==== Source material
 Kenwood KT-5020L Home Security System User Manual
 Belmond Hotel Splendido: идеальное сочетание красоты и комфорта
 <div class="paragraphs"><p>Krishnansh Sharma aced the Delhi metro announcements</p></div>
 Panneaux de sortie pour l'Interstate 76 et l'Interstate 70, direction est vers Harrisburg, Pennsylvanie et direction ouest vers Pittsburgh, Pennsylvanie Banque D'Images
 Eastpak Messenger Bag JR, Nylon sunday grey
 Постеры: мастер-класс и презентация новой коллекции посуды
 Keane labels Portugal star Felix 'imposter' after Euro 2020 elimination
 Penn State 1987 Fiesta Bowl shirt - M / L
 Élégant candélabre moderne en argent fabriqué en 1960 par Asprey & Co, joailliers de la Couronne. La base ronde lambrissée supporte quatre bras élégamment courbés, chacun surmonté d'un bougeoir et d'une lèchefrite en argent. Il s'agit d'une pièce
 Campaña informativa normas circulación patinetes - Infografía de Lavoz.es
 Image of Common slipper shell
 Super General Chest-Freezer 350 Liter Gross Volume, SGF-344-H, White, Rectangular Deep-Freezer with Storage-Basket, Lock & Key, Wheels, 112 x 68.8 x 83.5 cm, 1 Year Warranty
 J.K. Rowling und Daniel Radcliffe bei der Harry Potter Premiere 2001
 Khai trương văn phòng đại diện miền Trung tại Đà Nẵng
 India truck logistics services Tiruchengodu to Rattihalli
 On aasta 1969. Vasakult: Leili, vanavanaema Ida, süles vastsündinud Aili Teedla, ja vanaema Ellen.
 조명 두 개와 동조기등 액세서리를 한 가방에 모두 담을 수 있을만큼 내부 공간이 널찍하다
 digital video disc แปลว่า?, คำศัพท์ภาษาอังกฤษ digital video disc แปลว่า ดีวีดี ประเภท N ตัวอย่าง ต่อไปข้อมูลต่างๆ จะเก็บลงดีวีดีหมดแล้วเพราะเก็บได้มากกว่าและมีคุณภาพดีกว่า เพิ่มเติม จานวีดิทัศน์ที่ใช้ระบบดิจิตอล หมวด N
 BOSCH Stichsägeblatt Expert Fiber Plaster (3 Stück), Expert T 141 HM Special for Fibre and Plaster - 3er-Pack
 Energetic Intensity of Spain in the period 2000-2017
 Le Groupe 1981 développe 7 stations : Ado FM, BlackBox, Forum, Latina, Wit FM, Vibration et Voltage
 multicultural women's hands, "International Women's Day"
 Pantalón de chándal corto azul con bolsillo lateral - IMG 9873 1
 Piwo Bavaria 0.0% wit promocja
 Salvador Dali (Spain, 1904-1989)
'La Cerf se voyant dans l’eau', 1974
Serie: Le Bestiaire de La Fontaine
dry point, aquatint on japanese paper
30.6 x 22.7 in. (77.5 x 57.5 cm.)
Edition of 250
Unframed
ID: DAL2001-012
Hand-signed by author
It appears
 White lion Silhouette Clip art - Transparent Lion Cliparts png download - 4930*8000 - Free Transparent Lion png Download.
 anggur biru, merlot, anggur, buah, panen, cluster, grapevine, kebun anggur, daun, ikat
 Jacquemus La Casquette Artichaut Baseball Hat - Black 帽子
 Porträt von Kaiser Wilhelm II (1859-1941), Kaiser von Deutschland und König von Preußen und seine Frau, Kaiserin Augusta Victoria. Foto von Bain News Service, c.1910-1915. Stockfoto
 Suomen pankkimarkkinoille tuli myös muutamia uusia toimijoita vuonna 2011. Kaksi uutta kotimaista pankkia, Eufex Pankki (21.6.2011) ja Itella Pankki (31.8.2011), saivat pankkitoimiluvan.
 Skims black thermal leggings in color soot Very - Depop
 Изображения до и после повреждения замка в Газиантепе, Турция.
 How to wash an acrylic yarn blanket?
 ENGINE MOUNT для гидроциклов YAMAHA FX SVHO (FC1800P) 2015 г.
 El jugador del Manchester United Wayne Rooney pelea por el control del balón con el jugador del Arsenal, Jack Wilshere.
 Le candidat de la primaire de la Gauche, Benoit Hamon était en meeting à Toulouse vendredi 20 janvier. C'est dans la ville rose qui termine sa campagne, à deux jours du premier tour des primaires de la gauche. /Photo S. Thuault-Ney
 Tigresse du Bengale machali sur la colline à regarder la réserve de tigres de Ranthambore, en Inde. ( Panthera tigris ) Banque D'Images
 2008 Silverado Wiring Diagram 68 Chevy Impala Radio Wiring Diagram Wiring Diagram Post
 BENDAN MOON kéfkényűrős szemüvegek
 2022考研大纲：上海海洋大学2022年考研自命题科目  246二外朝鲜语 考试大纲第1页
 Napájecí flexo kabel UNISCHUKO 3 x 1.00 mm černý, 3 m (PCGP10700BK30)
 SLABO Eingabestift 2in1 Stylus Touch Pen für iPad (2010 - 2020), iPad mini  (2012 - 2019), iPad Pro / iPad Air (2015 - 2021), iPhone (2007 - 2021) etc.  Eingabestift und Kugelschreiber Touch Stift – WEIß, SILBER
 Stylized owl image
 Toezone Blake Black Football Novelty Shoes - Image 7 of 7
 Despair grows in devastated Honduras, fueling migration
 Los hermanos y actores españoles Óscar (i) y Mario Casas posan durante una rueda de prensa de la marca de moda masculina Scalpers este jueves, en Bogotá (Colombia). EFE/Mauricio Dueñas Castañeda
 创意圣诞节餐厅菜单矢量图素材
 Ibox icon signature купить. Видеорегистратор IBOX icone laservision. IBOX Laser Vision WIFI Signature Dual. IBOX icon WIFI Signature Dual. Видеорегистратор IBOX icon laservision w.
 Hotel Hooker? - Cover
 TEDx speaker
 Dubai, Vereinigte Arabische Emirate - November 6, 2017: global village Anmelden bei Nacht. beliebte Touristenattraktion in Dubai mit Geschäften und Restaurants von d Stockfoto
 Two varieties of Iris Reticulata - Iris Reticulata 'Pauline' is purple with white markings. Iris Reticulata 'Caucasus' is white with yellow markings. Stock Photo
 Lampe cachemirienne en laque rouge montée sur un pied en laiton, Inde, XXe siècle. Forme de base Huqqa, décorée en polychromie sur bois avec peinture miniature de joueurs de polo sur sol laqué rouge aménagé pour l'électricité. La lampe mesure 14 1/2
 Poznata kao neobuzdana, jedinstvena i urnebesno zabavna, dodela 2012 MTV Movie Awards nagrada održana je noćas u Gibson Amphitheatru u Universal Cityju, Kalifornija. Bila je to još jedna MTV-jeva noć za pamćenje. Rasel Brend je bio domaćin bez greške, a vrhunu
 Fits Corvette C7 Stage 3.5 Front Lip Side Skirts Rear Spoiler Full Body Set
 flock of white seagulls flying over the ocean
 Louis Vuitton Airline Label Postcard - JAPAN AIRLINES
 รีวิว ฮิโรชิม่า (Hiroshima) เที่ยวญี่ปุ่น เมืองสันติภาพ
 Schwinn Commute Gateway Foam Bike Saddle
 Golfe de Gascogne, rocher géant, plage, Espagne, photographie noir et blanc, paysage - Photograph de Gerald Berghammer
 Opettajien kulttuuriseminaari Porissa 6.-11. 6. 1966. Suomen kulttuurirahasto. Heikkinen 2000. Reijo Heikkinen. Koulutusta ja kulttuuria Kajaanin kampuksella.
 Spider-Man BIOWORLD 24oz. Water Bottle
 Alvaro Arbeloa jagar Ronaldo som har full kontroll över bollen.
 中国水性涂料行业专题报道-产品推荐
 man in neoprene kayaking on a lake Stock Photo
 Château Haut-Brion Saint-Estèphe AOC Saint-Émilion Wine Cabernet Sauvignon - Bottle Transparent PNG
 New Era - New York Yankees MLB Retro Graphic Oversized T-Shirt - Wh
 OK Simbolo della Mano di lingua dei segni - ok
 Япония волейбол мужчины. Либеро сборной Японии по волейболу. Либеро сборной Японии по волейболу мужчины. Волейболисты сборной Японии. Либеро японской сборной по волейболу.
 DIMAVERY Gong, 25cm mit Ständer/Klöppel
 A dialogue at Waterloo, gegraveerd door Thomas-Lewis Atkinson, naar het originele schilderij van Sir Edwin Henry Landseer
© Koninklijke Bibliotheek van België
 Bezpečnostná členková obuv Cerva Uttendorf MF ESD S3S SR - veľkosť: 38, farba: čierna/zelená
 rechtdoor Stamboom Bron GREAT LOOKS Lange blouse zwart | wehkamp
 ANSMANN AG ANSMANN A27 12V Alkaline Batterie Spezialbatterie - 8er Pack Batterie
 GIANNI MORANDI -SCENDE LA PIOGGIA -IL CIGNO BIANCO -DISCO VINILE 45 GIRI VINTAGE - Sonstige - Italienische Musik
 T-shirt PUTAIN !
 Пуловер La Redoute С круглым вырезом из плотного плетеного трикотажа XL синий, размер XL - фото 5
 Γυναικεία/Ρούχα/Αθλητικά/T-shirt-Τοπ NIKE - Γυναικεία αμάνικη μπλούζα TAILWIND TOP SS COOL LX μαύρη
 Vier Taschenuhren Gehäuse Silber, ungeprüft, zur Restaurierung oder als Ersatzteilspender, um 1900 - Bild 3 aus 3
========
[Exercise requirements]: Set down, exactly as they appear above, all lines from the one that has "Opettajien kulttuuriseminaari Porissa" down to the one that has "T-shirt PUTAIN !", including those two and no others.

[Exercise response]:
 Opettajien kulttuuriseminaari Porissa 6.-11. 6. 1966. Suomen kulttuurirahasto. Heikkinen 2000. Reijo Heikkinen. Koulutusta ja kulttuuria Kajaanin kampuksella.
 Spider-Man BIOWORLD 24oz. Water Bottle
 Alvaro Arbeloa jagar Ronaldo som har full kontroll över bollen.
 中国水性涂料行业专题报道-产品推荐
 man in neoprene kayaking on a lake Stock Photo
 Château Haut-Brion Saint-Estèphe AOC Saint-Émilion Wine Cabernet Sauvignon - Bottle Transparent PNG
 New Era - New York Yankees MLB Retro Graphic Oversized T-Shirt - Wh
 OK Simbolo della Mano di lingua dei segni - ok
 Япония волейбол мужчины. Либеро сборной Японии по волейболу. Либеро сборной Японии по волейболу мужчины. Волейболисты сборной Японии. Либеро японской сборной по волейболу.
 DIMAVERY Gong, 25cm mit Ständer/Klöppel
 A dialogue at Waterloo, gegraveerd door Thomas-Lewis Atkinson, naar het originele schilderij van Sir Edwin Henry Landseer
© Koninklijke Bibliotheek van België
 Bezpečnostná členková obuv Cerva Uttendorf MF ESD S3S SR - veľkosť: 38, farba: čierna/zelená
 rechtdoor Stamboom Bron GREAT LOOKS Lange blouse zwart | wehkamp
 ANSMANN AG ANSMANN A27 12V Alkaline Batterie Spezialbatterie - 8er Pack Batterie
 GIANNI MORANDI -SCENDE LA PIOGGIA -IL CIGNO BIANCO -DISCO VINILE 45 GIRI VINTAGE - Sonstige - Italienische Musik
 T-shirt PUTAIN !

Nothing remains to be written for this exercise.